# Is XMP really needed?



## CuteSniper22 (Dec 31, 2005)

Hi guys,

Sorry, i'm not asking any help/support here. I'm just a beginner & just wanna to ask whether ram overclocking will really boost up the performance? What I knew that CPU has bulit-in memory controller which decided & limited I/O between CPU & RAM.
May I know what's the point of overclocking the ram since its high frequencies still downclocked in order to works with CPU? I just don't get it..
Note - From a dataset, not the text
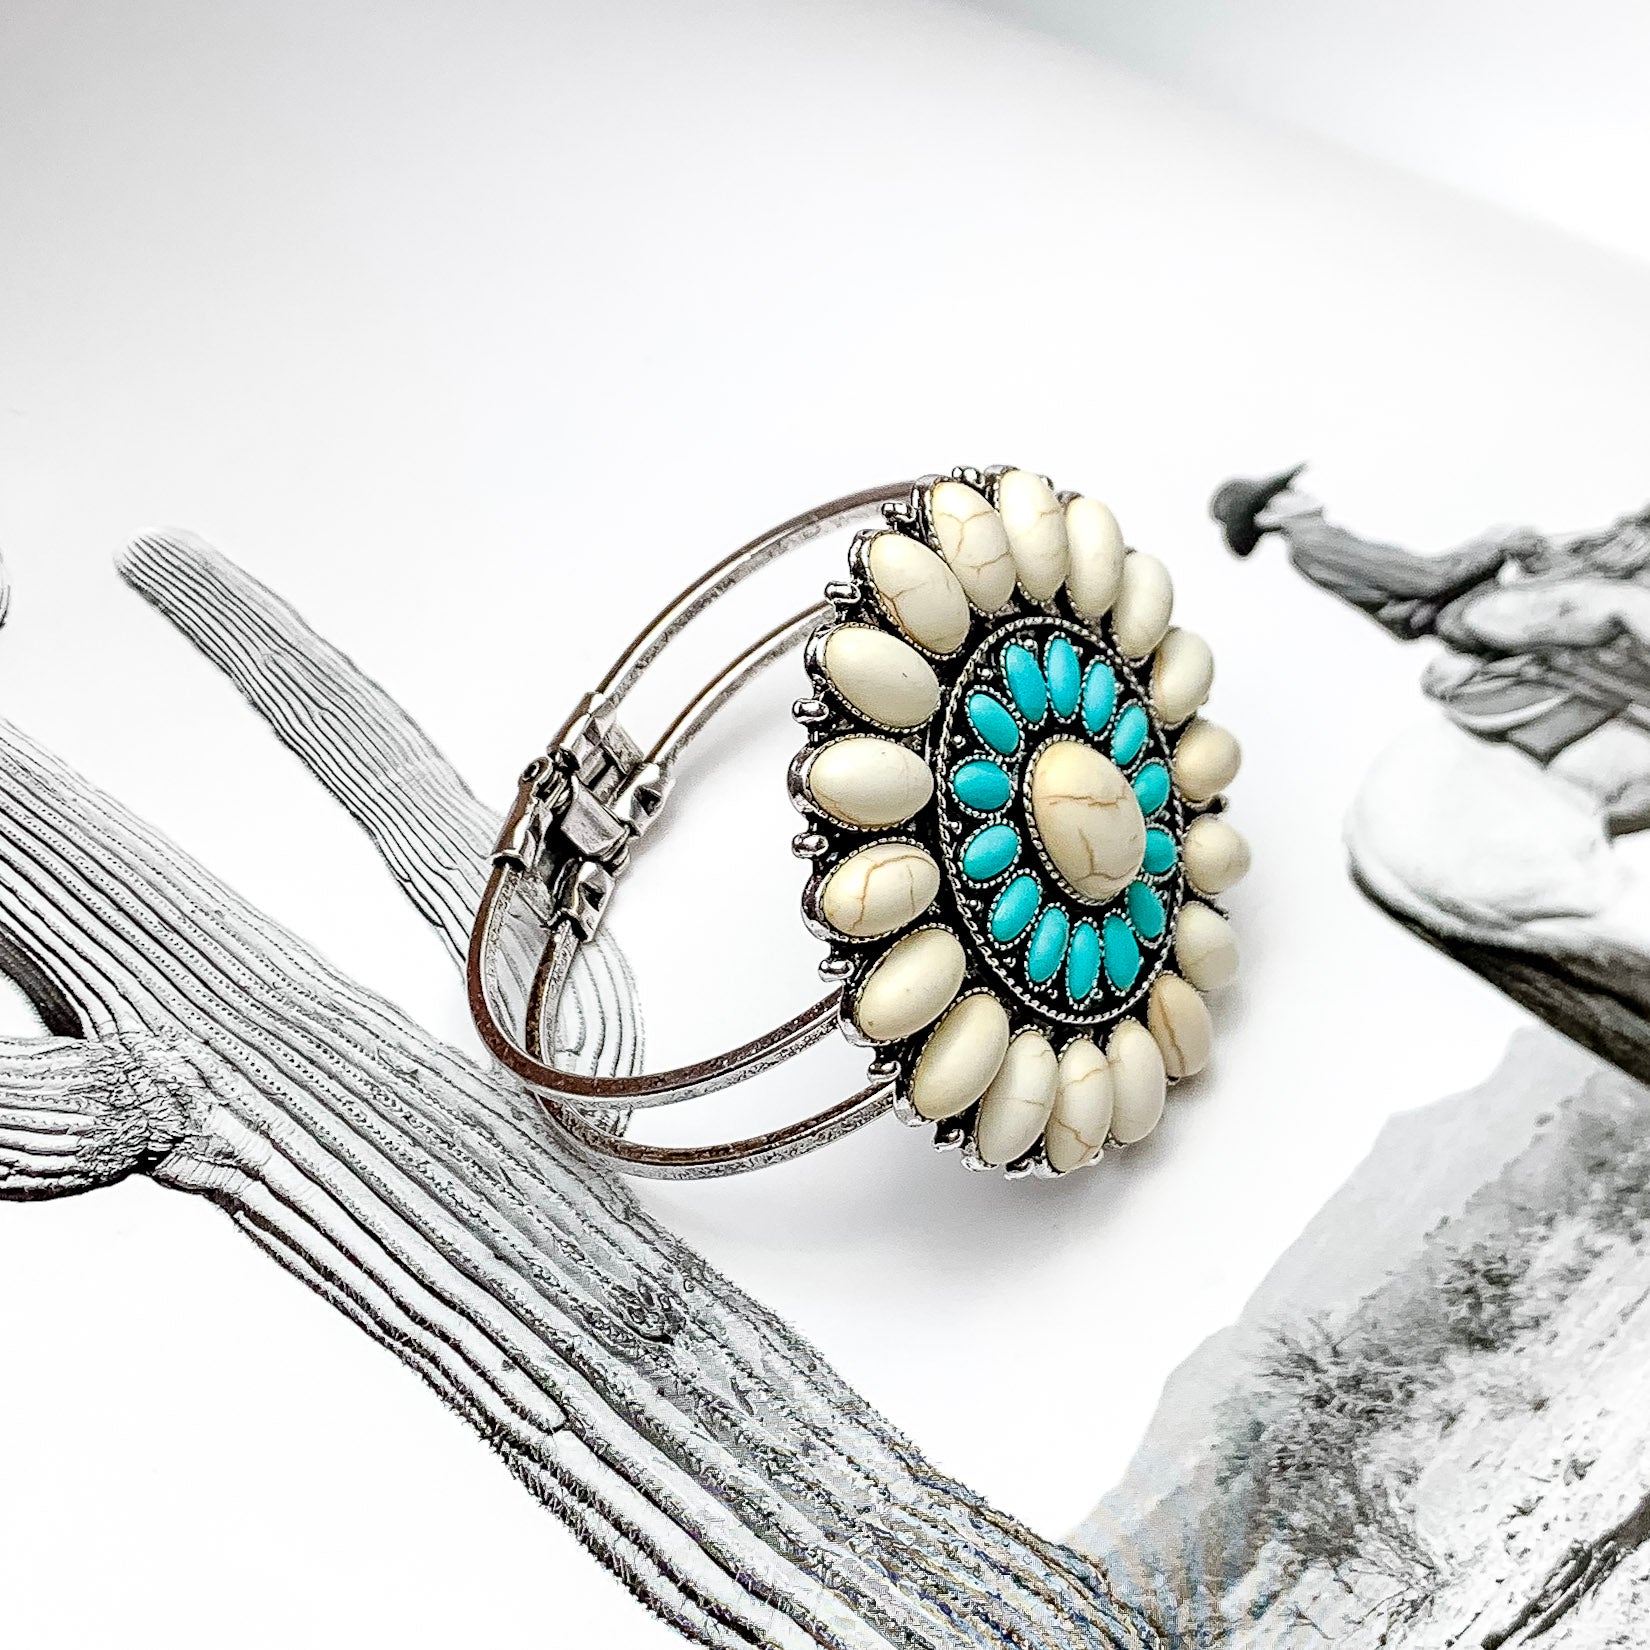 Ivory and Turquoise Oval Stone Concho Hinge Cuff Bracelet - Giddy Up Glamour Boutique

Sorry for asking noob question...


----------



## Stancestans (Apr 26, 2009)

There's a wealth of information here https://www.tomshardware.com/reviews/ram-overclocking-guide,4693.html about this, and I believe the opening statements of that guide do answer your question. Read and understand all of it and you'll be to able to tell whether it's beneficial to your use case or not.


----------



## SpareChange (Mar 7, 2019)

XMP is worth it to get your advertised speeds, and for a select few games that benefit from the performance boost. In some cases it can be 10-15%. It can also be very beneficial if you use an AMD Ryzen Platform where both the overall computing and gaming performance increase can be rather substantial, granted you use a good enough motherboard to cover the DDR4 ratio spread. E.G DDR 3200 that can actually run stable _both_ in nominal running mode _and_ gaming at all times (I don't accept anything less some do but I don't). There are a some B350-450's that will do it and about 90% of X370's run most quality vendor checked ram at advertised speeds. It takes a quality built board, with good stable & overall power distribution to do it on a reliable everyday basis.


----------